С этими словами командор величественно удалился, оставив полного смутных раздумий Гастингса в одиночестве.
Внизу Артур как раз передавал измазанный грязью повод лошади конюшему. Оглянувшись, он заметил своего покровителя на верхней галерее, даже хотел помахать ему, но вспомнил, что подобная фамильярность тут не приветствуется, и ограничился поклоном. Именно в этот миг его грубо толкнули. Артур едва удержался на ногах, но обернулся с нарочитой невозмутимостью. Узнал в грубияне одного из тех высокородных молодчиков, с которыми у него уже были неприятности. Даже во время игры этот сильный молодой рыцарь несколько раз грубо наседал на него. Но то было в игре. Сейчас же грубиян стоял прямо перед ним, насмешливо скалился, будучи уверенным в себе, так как за ним стояли трое его так же ухмыляющихся приятелей.
— Что, ле Бретон, не терпится кинуться под крылышко своего колчестерского благодетеля? — Он кивнул в сторону облаченного в белый плащ с алым крестом Гастингса.
Не ответив, Артур хотел отойти, но ему загородил дорогу другой из обидчиков.
— Хочешь смыться? А может, лучше пойдешь к сэру Ричарду и пожалуешься ему на свои ночные страхи? «Не умирай, Гай, не умирай!» — прогнусавил он, будто плакал.

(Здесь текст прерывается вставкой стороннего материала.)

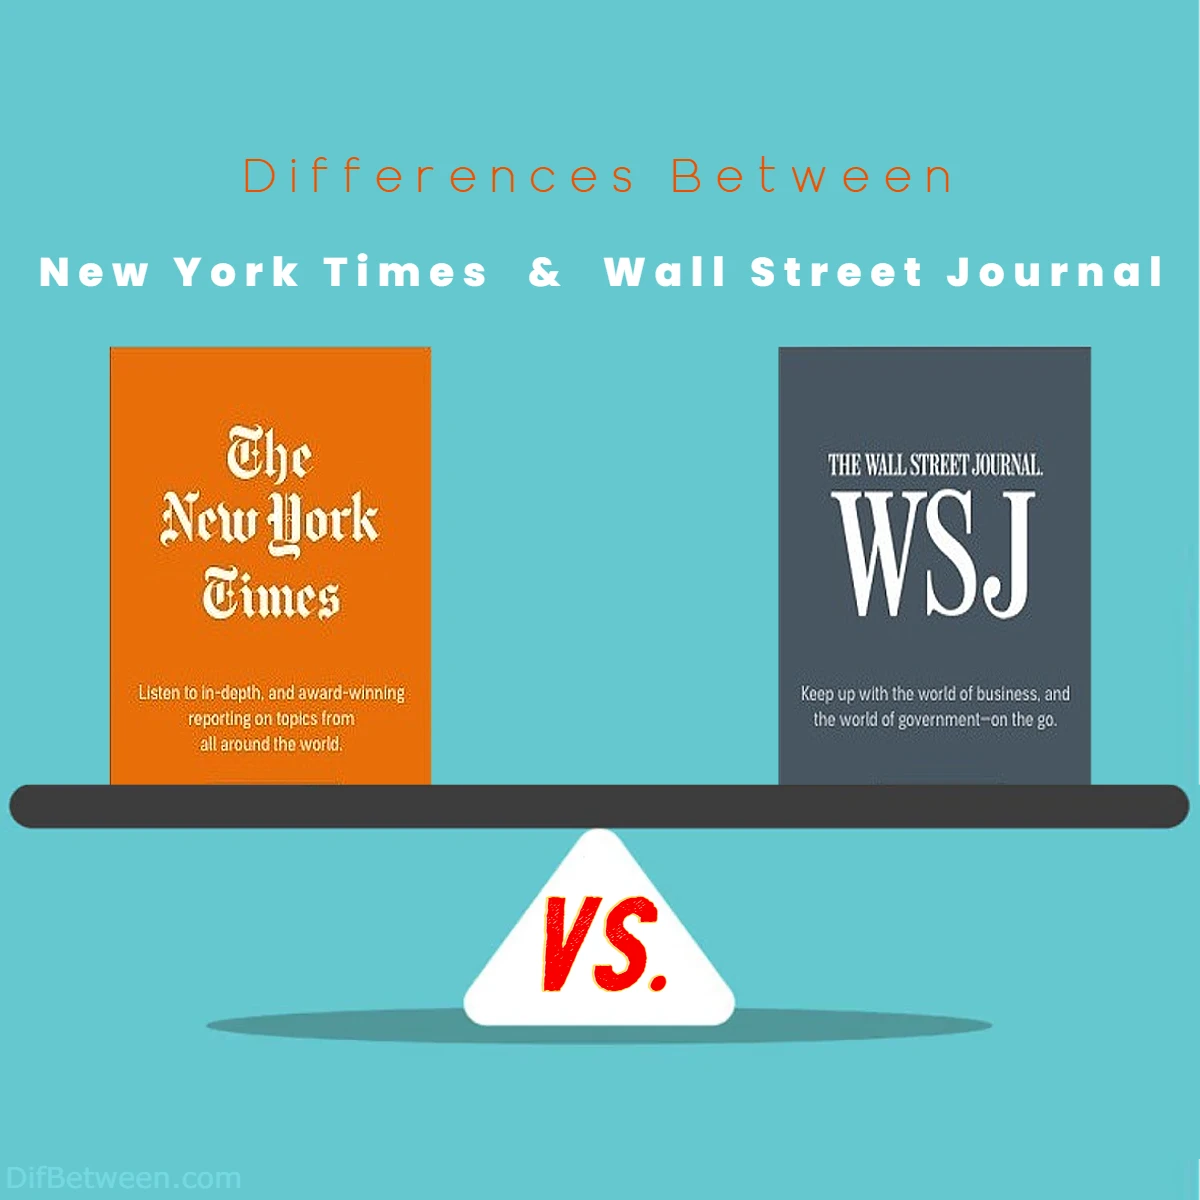 Differences Between New York Times vs Wall Street Journal

И эти слова вдруг что-то задели в душе Артура. Не думая о последствиях, он резко сгреб крепыша за грудки, прижал к стене. Но тут рядом возник кто-то из старших рыцарей и гневно на них прикрикнул. Артур медленно разжал хватку, пошел прочь через раскисшую и изрытую копытами лошадей площадку. Проклятие! Порой он чувствовал себя тут прокаженным. Даже те, с кем ему удалось подружиться, смотрели на него с неким жалостливым любопытством. И это при том, что командор Осто так красиво говорил на собраниях, что им всем скоро предстоит сражаться плечом к плечу и они должны быть братством, должны быть одной семьей. Как же! Да они скорее бросят не пришедшегося им по нраву на растерзание сарацинам, чем поспешат на выручку. Один из рыцарей-наставников говорил, что в Святой земле все мелочные склоки уже не играют роли, там все по-иному. Но где та Святая земля? И попадет ли он туда когда-нибудь…

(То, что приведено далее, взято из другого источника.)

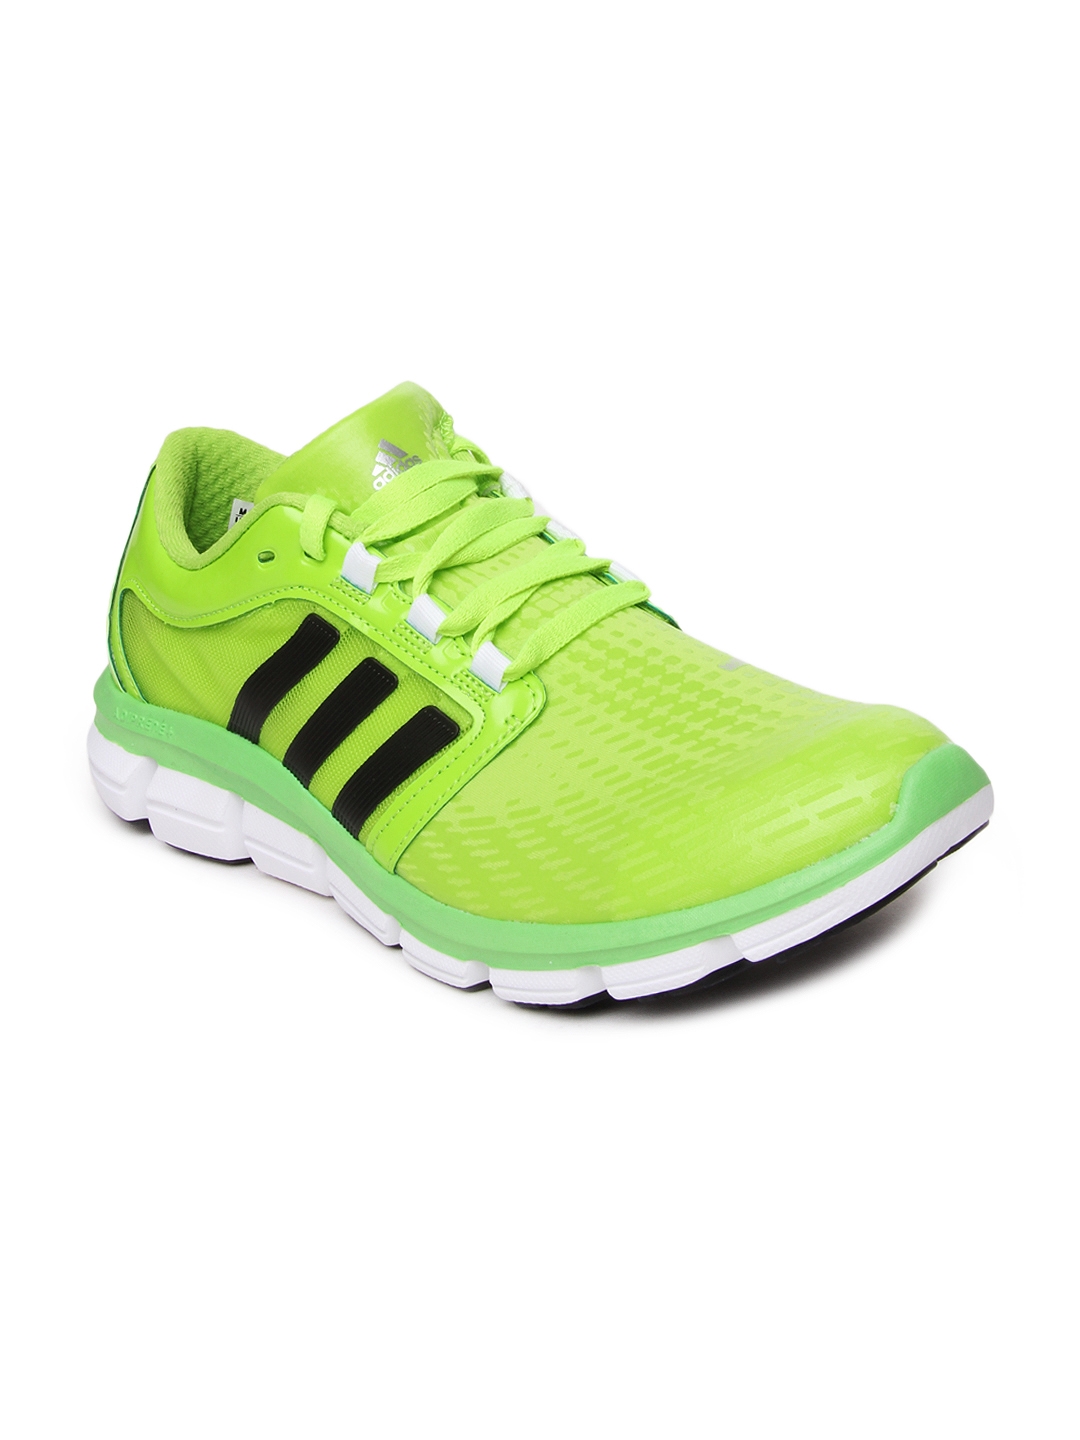 adidas Neon Collection: Shoes & Apparel

Однако в одном Артур нынче был уверен: ему просто необходимо хоть на время покинуть Темпл и побыть одному. Ибо в прецептории он не мог предаться своим мыслям. Шепот за спиной, взгляды, монотонные повторения молитв — все это не давало юноше сосредоточиться. А ведь ему было о чем подумать. О своих странных тревожных снах. Артуру казалось, его ангел-хранитель специально дает ему эти сновидения, чтобы он мог понять, что пережил. Но, увы, краткие сны моментально забывались, едва он открывал глаза. Или это он сам страшился вспомнить, что было в его прошлом?

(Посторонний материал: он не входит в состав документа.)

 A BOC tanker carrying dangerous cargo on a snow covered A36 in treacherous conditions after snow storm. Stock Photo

Артур размышлял об этом, пока мылся и переодевался. Надел простую суконную одежду, коричневого цвета тунику, обшитую бляхами безрукавку — одежда была наподобие той, что носили орденские сержанты. Потом набросил широкий кожаный плащ с капюшоном и решительно направился к воротам. Но там его задержали, и, когда Артур стал настаивать на выходе, на шум явился Ричард Гастингс. Хорошо, что это был он: только у него Артур мог найти поддержку. Однако заговорил юноша несколько резко, стал требовать увольнительную:
— Я еще не ваш человек и не давал обетов ордену! Пусть меня немедленно выпустят!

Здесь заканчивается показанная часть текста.